Theresa Yelverton was an English woman who became notorious because of her involvement in the Yelverton case, a 19th-century Irish law case, which eventually resulted in a change to the law on mixed religion marriages in Ireland.

Life

Longworth was born in Cheetwood, Manchester, Lancashire, England, the youngest of seven children born to Thomas Longworth, a silk manufacturer. After meeting Major William Charles Yelverton, Viscount Avonmore on a steamer in August 1852, falling in love with him, and pursuing him for several years, she married him secretly on 15 August 1857 at Rostrevor, County Down, Ireland, allowing her to be styled as, and to have earned the title, "Thérèse Yelverton, Viscountess Avonmore". She was a nurse in 1857 in Galata, Russia during the Crimean War.
However, the Viscount remarried within the year, bringing about a series of trials during the course of which he allegedly used his influence with the House of Lords to annul his first marriage.

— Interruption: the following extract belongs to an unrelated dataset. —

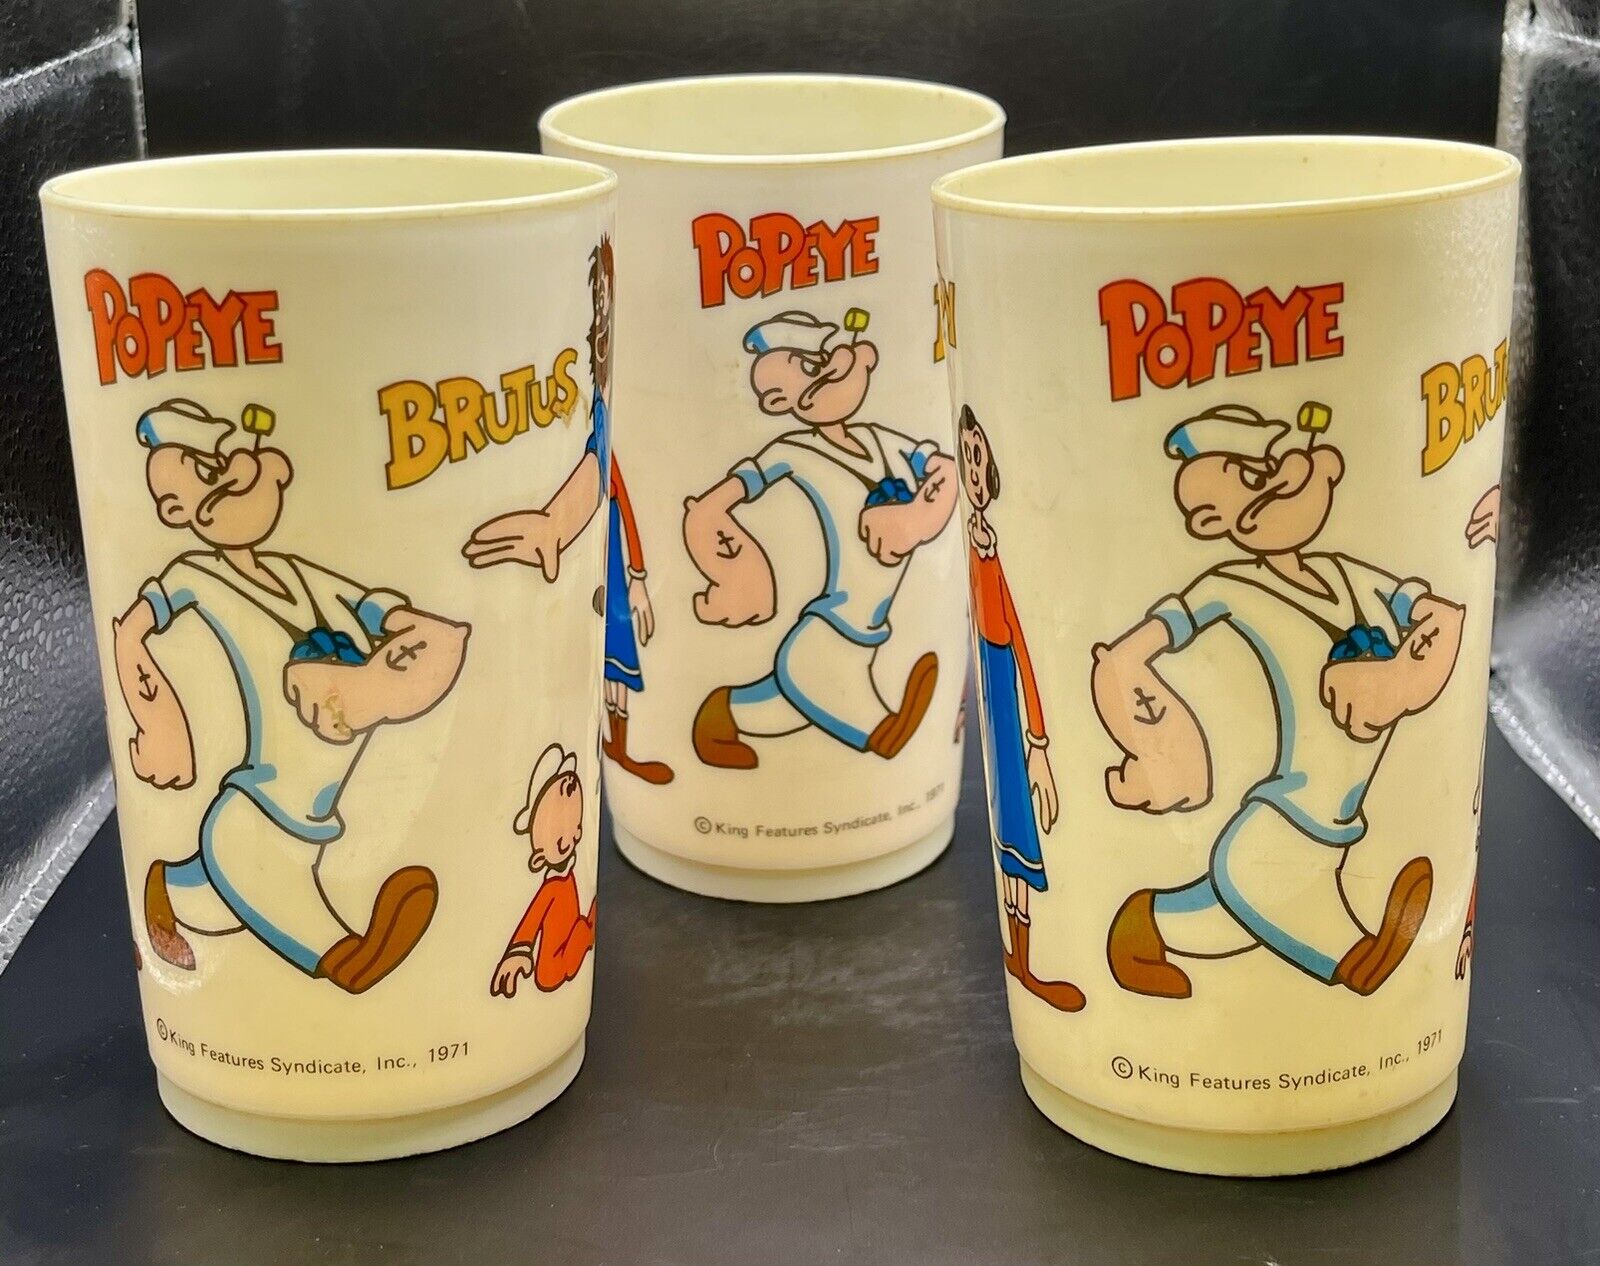 1971 King Features Syndicate Inc. Plastic Popeye Glasses

The case brought notoriety and created very mixed feelings. "Theresa was alternately vilified and celebrated, portrayed as a victim who had been 'mercilessly abandoned' and accused of being a lascivious seducer. Sometimes she was depicted as innocent and pure, at others as a ruthless social climber. After six years of trials and appeals, she finally lost her case. In the process, however, she had become a minor celebrity."
Afterwards, she led an itinerant life and supported herself by writing about her travels. Francis Farquhar wrote that she "spent the summer of 1870 in Yosemite, where she attached herself to the Hutchings family and made eyes at John Muir. He escaped to the woods, but not before she had noted enough of his conversation and his ways of life to make him over into Kenmuir, the hero of her novel."

Death

She died in 1881 in Pietermaritzburg, Natal, South Africa.